# how do I use a car amp to power a sub in the house?



## JAX (Jun 2, 2006)

I know people jerry rig this all the time....I just dont know what to buy so I can try it...

got a old Coustic I may try to power a JL audio sub I have just sitting around

I have a small Klipsch sub amp I am using to power a pg rsd but its not enough power.......I need more power


----------



## Oliver (Jun 25, 2007)

converter from 120v to 12v.


----------



## JAX (Jun 2, 2006)

well..thats what I thought but where can I find one? I never see one for sale...is that not something I can get locally or do I need to get that off the net?


----------



## chad (Jun 30, 2005)

gentlejax2 said:


> well..thats what I thought but where can I find one? I never see one for sale...is that not something I can get locally or do I need to get that off the net?

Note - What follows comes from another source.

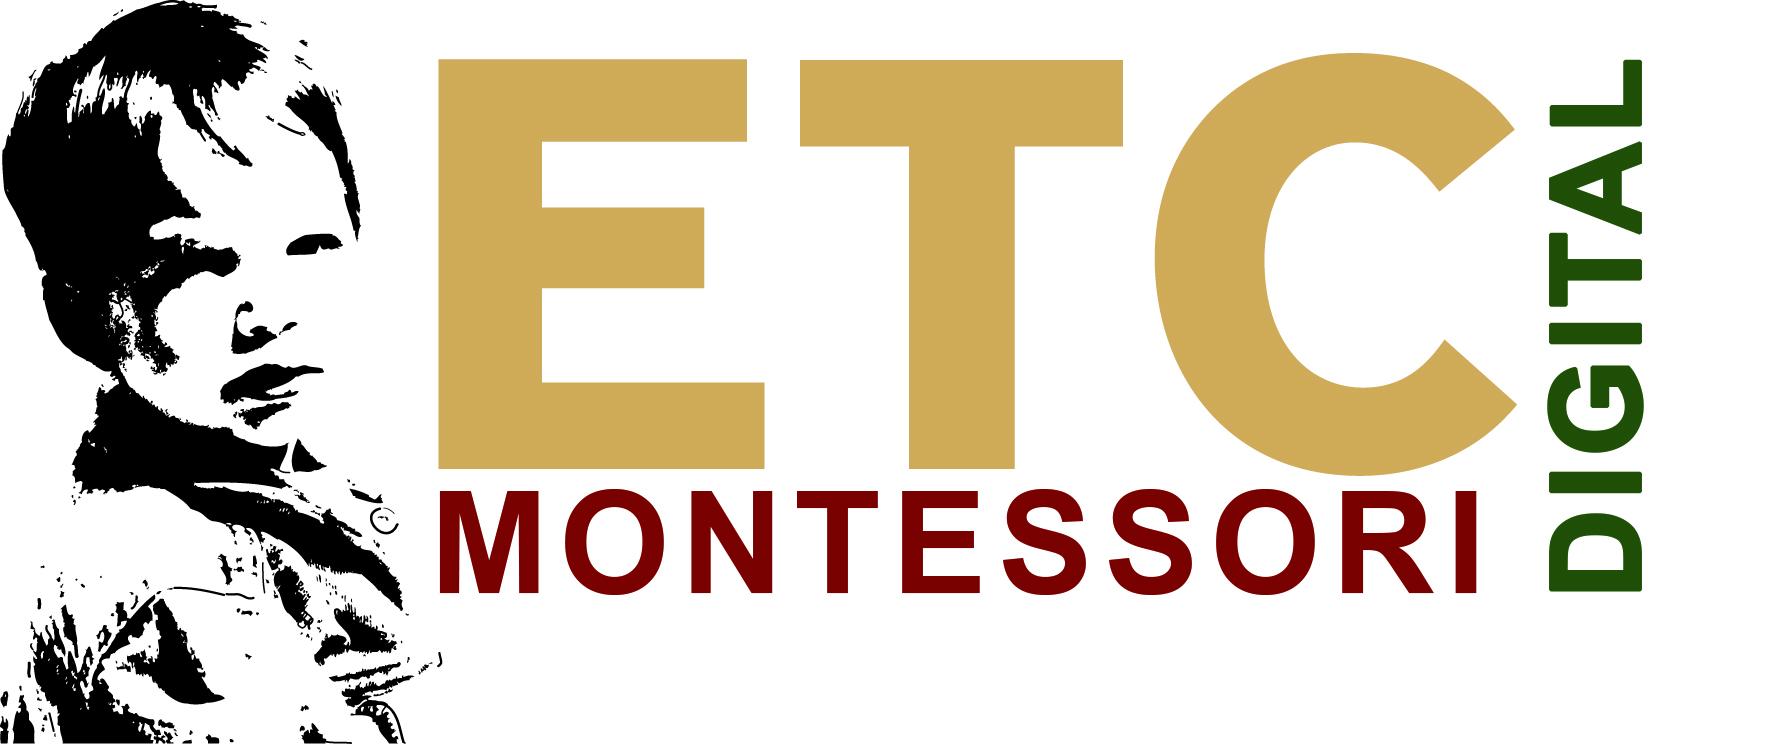 etc-montessori-digital-logo.jpg

Good ones are not cheap, about the price of a plate amp


----------



## dBassHz (Nov 2, 2005)

chad said:


> Good ones are not cheap, about the price of a plate amp


I lucked out and snagged a Iota 45 amp power supply on eBay for $50 shipped.


----------



## chad (Jun 30, 2005)

omarmipi said:


> I lucked out and snagged a Iota 45 amp power supply on eBay for $50 shipped.


Kiss my ass  

Hell of a find! Congrats!


----------



## JAX (Jun 2, 2006)

well f*ck that ...I will just buy something else....I mean I would rather spend the money on a legitimate solution....


----------



## tcguy85 (Oct 29, 2007)

use a car battery and trickle charge it during the night. i'm doing that right now. i'm using my treo ssi ten thats in a 1.75 cu ft net box tuned to 35 hz. i have it hooked to a cheap old RF 301M amp that i had layinb around. it's tuned way to high for HT though. i might try adding to the port inside and maybe using a different sub. this is what was in my car before but i hate to waste the box. and my amp blew on my JBL so it's my temp fix.

i really wanna buy a big amp from parts express and a dayton titanic and make a nice big box tuned in the low 20's.


----------



## invecs (Jul 30, 2005)

Yup...use a car battery. Home electricity sucks...it fluctuates everytime.


----------